**DATASET EXCERPT**.
-*-
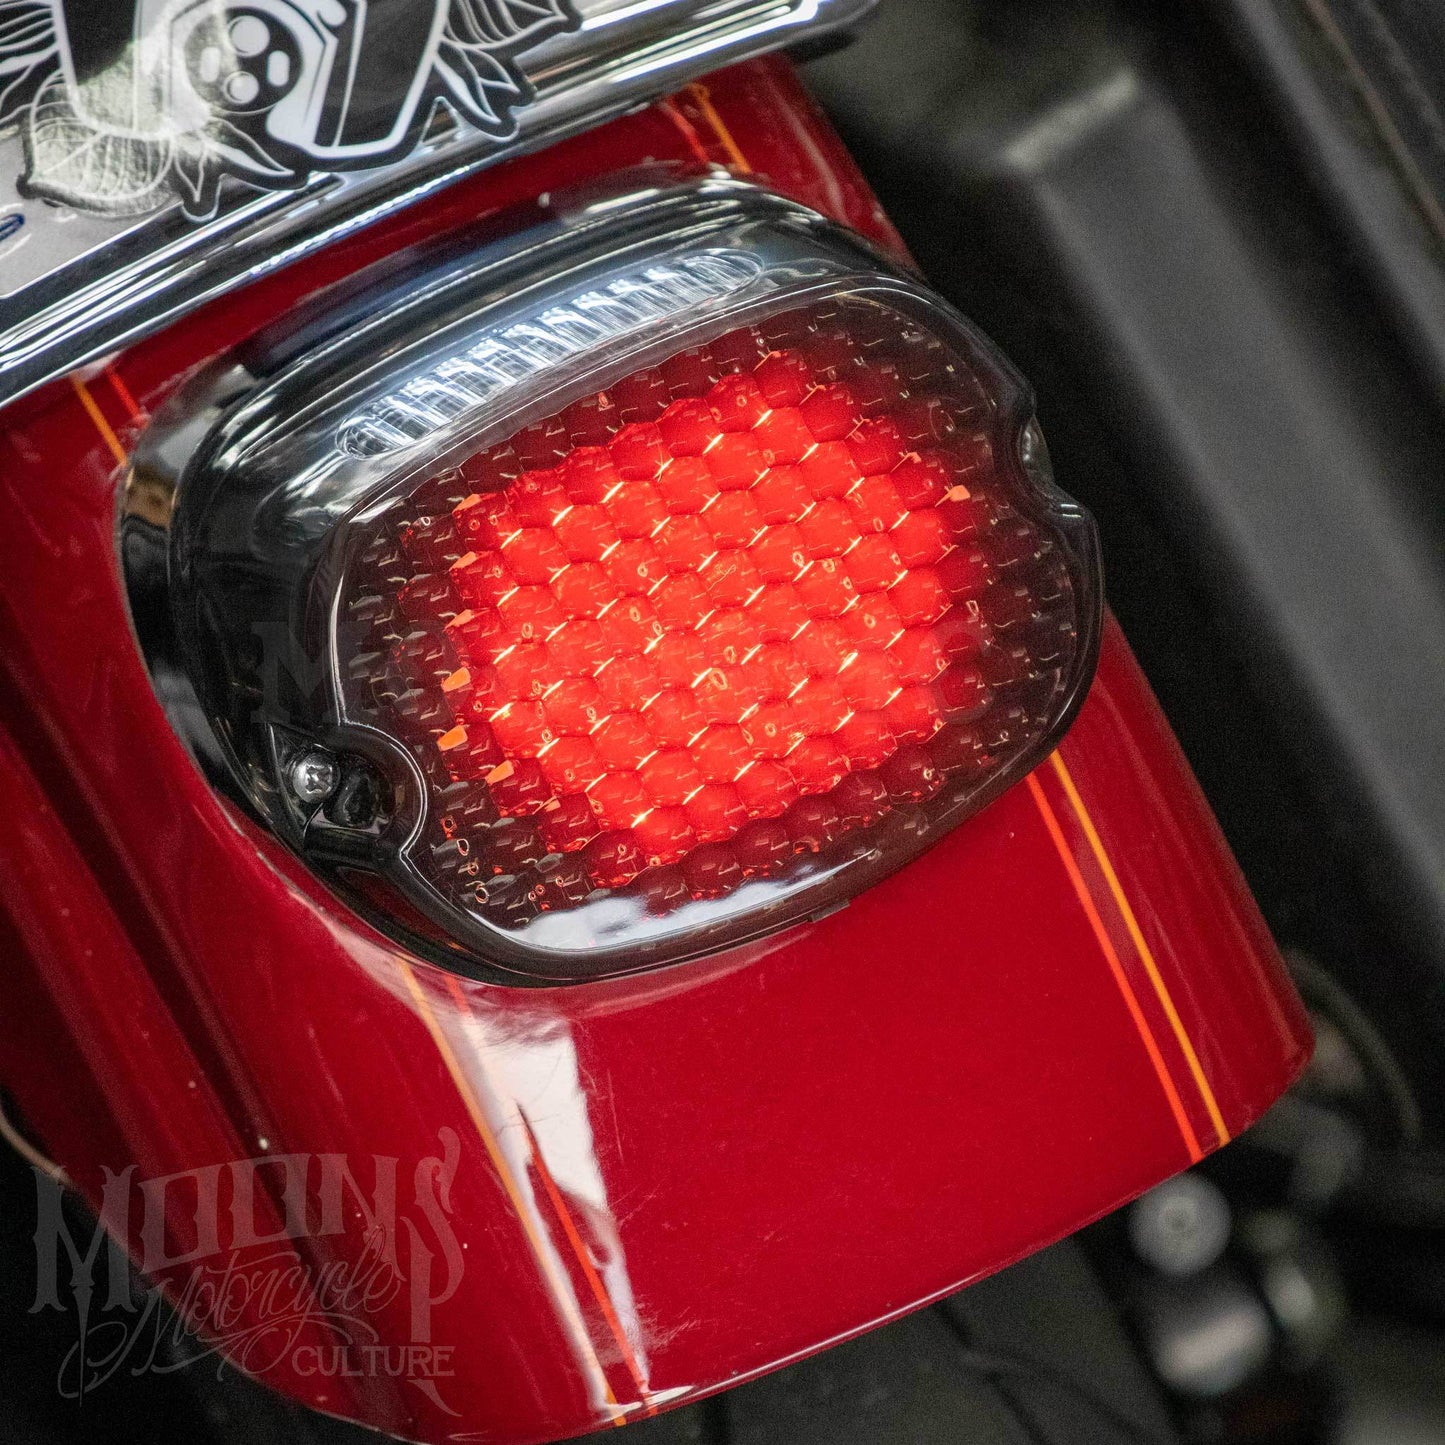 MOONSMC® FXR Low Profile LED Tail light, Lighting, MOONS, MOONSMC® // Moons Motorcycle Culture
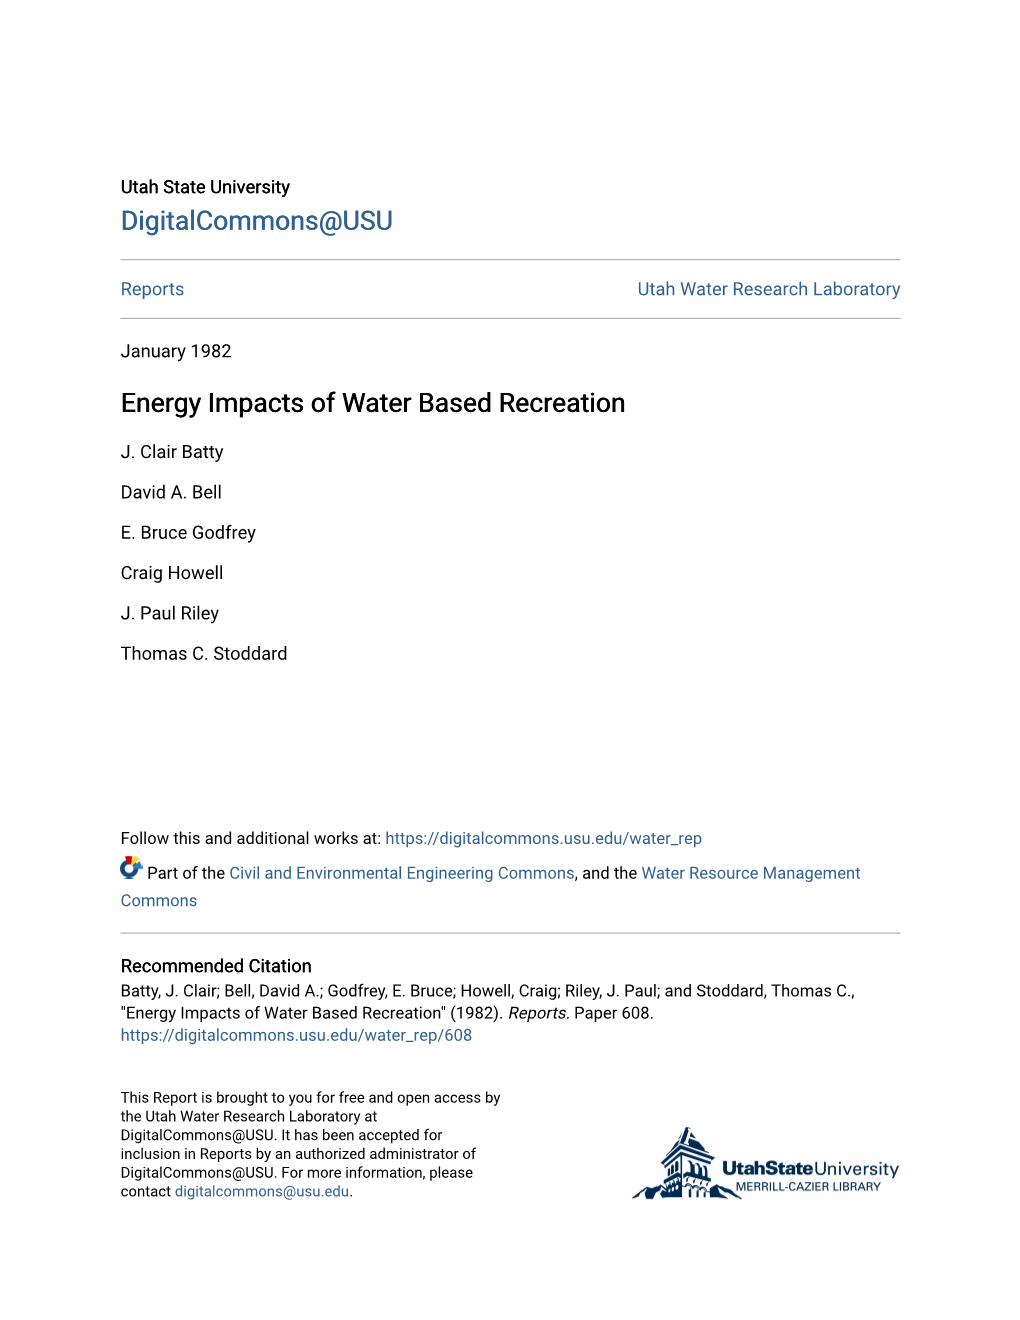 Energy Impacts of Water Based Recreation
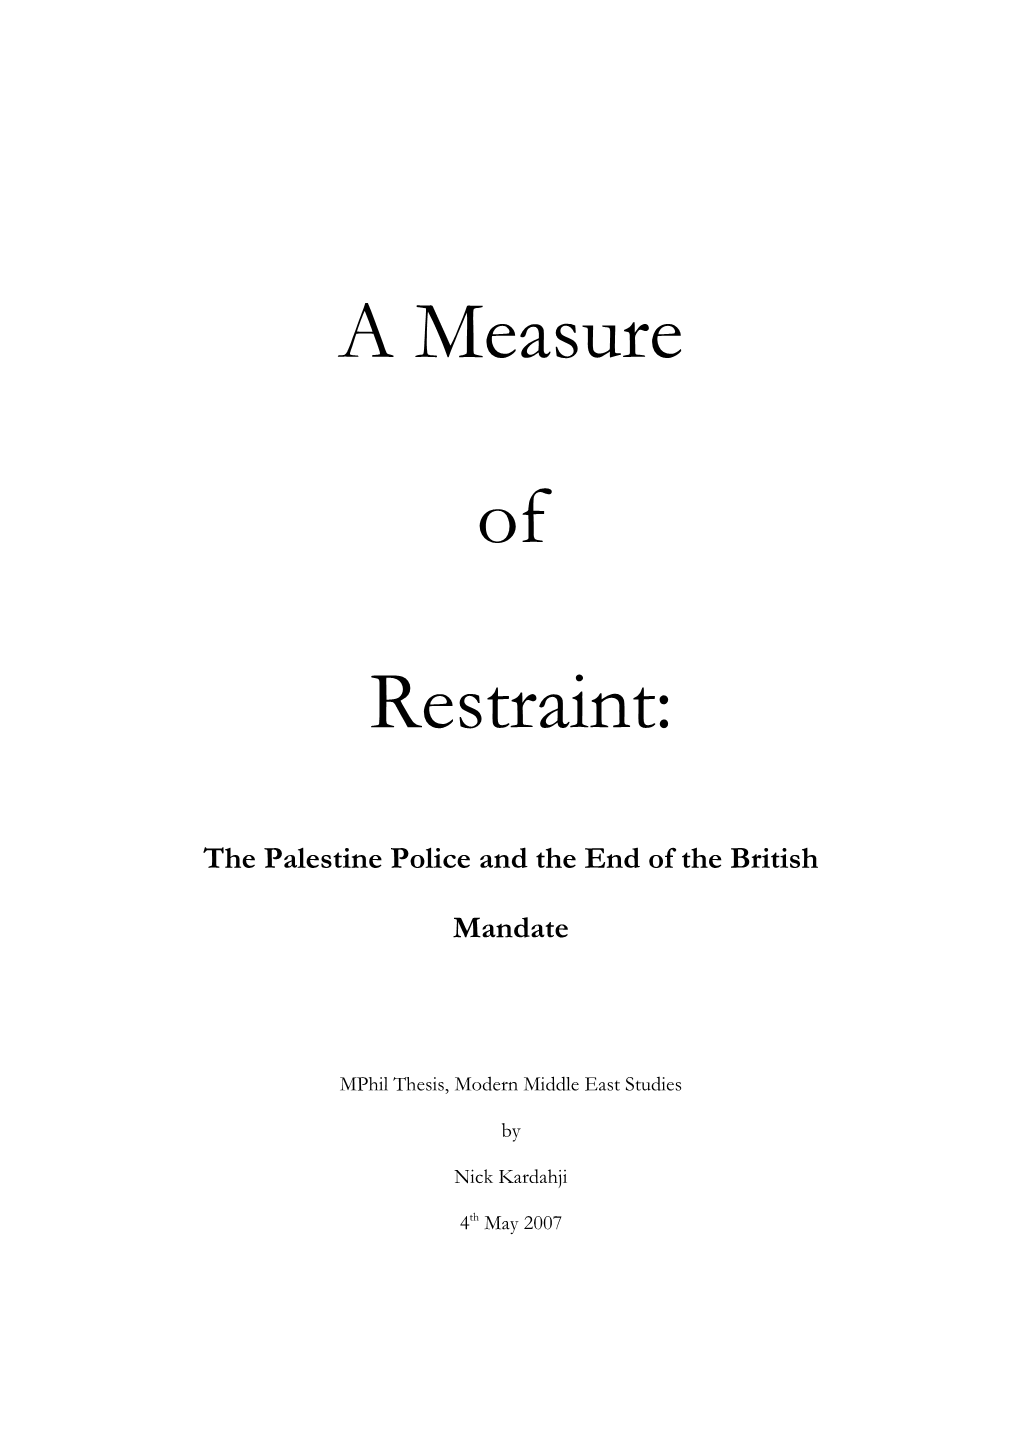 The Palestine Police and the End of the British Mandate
-*-
**EXERCISE BRIEF**.
Write out the material exactly, excluding pictures.

**PROBLEM SOLUTION**.
 MOONSMC® FXR Low Profile LED Tail light, Lighting, MOONS, MOONSMC® // Moons Motorcycle Culture
 Energy Impacts of Water Based Recreation
 The Palestine Police and the End of the British Mandate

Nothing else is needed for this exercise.